Some plants are particularly susceptible to root diseases and over-watering.
Plants from Australia and South Africa are prime suspects. Sometimes there are
disease pathogens in the soil and they are just waiting to attack vulnerable
plants. This often where you go to Lesson Eight and call in for the help of an
expert.
Exception...Maiden Hair ferns and some other plants love to grow almost in
water. The only way I can consistently keep a Maiden Hair fern alive in the
house is to keep it in a saucer that always has water in it. One of my grower
friends grows all of his maiden hairs that way. Even then when I take the fern
out of the pot the plant has created a space for air at the bottom of the root
ball. About a quarter of an inch of air..
This last part is just more information. You can't practice any of this. You probably don't want to. But the more you know and understand the better gardener you will become.
The problem of roots being destroyed either from over-water or from disease is a complicated problem and not one that is easily explained. Sometimes it is just plain over-watering and sometimes the over-watering brings on root/rot type diseases. Sometimes this happens through no fault of yours. Stress factors like too much heat or cold. A weakened plant for any reason. There are some root/rot or water mold fungi that take advantage of any stress and seem to appear from nowhere. They are perhaps always there in the soil or water.
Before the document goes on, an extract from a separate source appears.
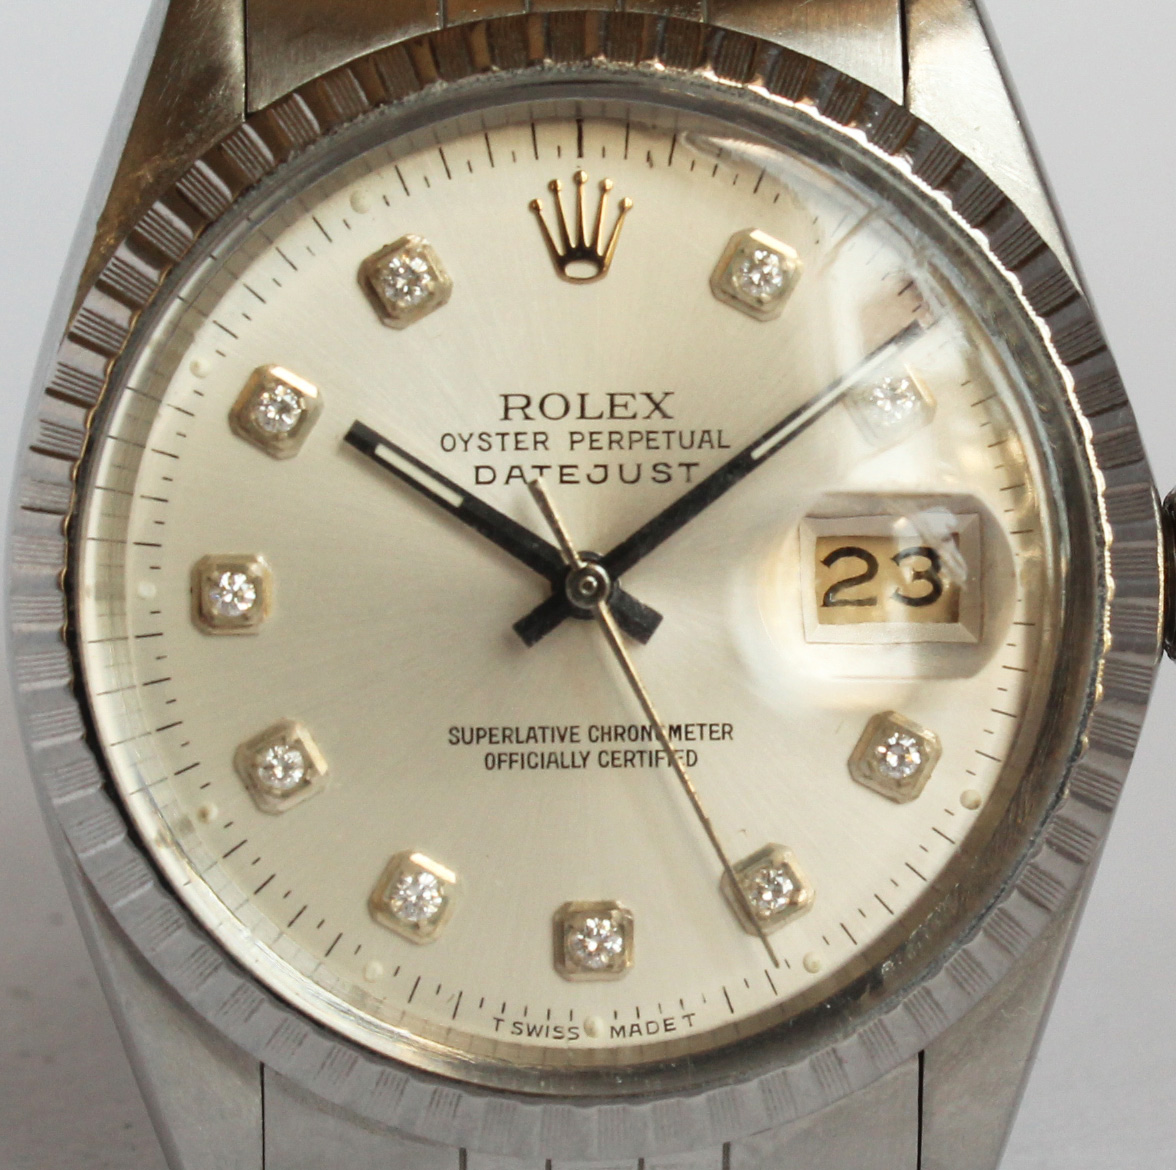 ROLEX Oyster Perpetual DATEJUST. - Image 2 of 10
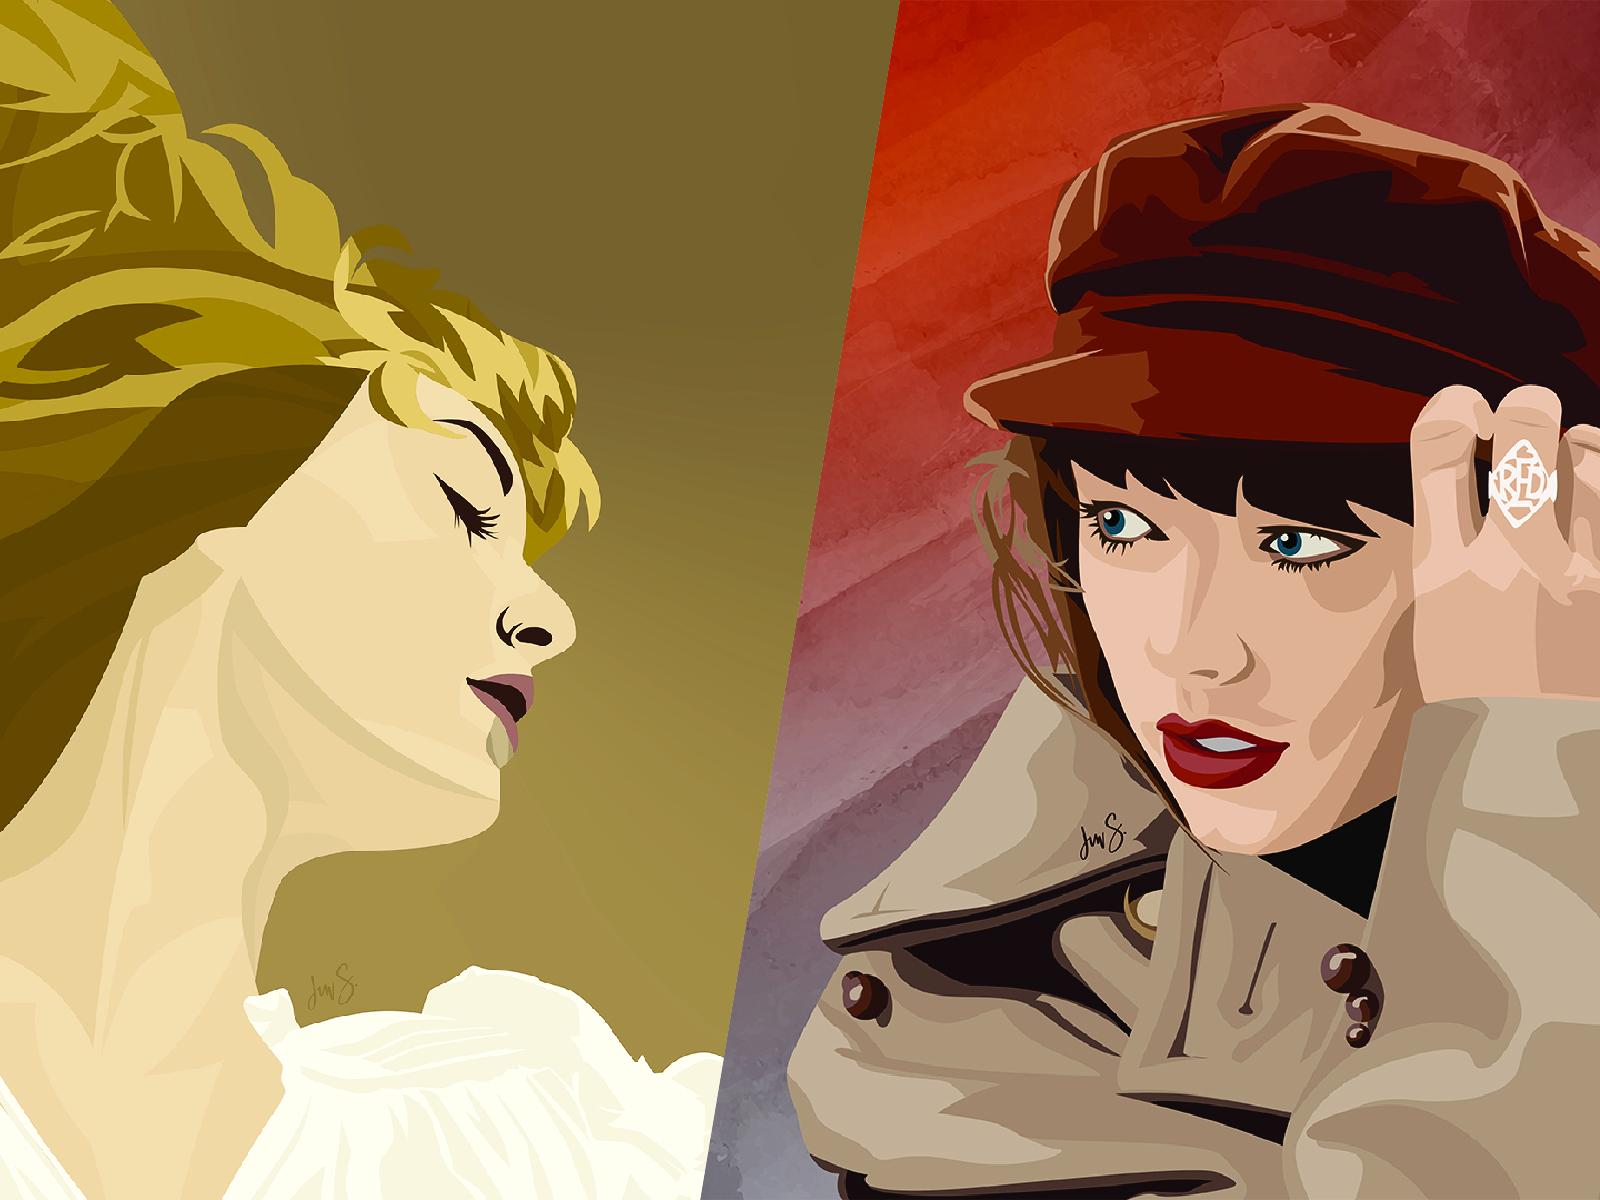 Project Swift: Fearless & Red, Taylor's Versions by JM Santos on Dribbble

Like getting a cold when your immune system is down because you are overly tired and stressed out. A stressed plant is an easy target for root disease that then becomes a drowning problem.
What can you do? Oh boy! Sometimes nothing. The foundation is gone and nothing will save your plant. If the roots are very rotten then just toss it. If you have plants that are very special to you or expensive plants in the ground there are different fungicides that will sometimes kill these bad disease pathogens . The problem for you as a home owner, is that some times the cure costs more than the plants. We in the greenhouse business have more fungicides available and we are treating hundreds of plants to either prevent disease or catch it in its early early stage. We will drench the soil of hundreds of plants It is also costly for us but when you are talking about major crops then a little prevention is worth the cost of the crop. Any thing you do must be done early before the roots are totally gone. It not only sounds complicated...it is complicated. I depend on my grower, Oliver and sometimes a special laboratory that will test the sick plant and tell me what it is happening. You know how it is when you go to the Dr. and the visit costs mucho $$$$ and the Dr. tells you that you have xxx disease and maybe we can save you and maybe not. Well, plants are the same. Some plants are particularly susceptible to root diseases. If you have plants that die more than once from root rot don't plant them in that location again. Use pots, change your plant material choices.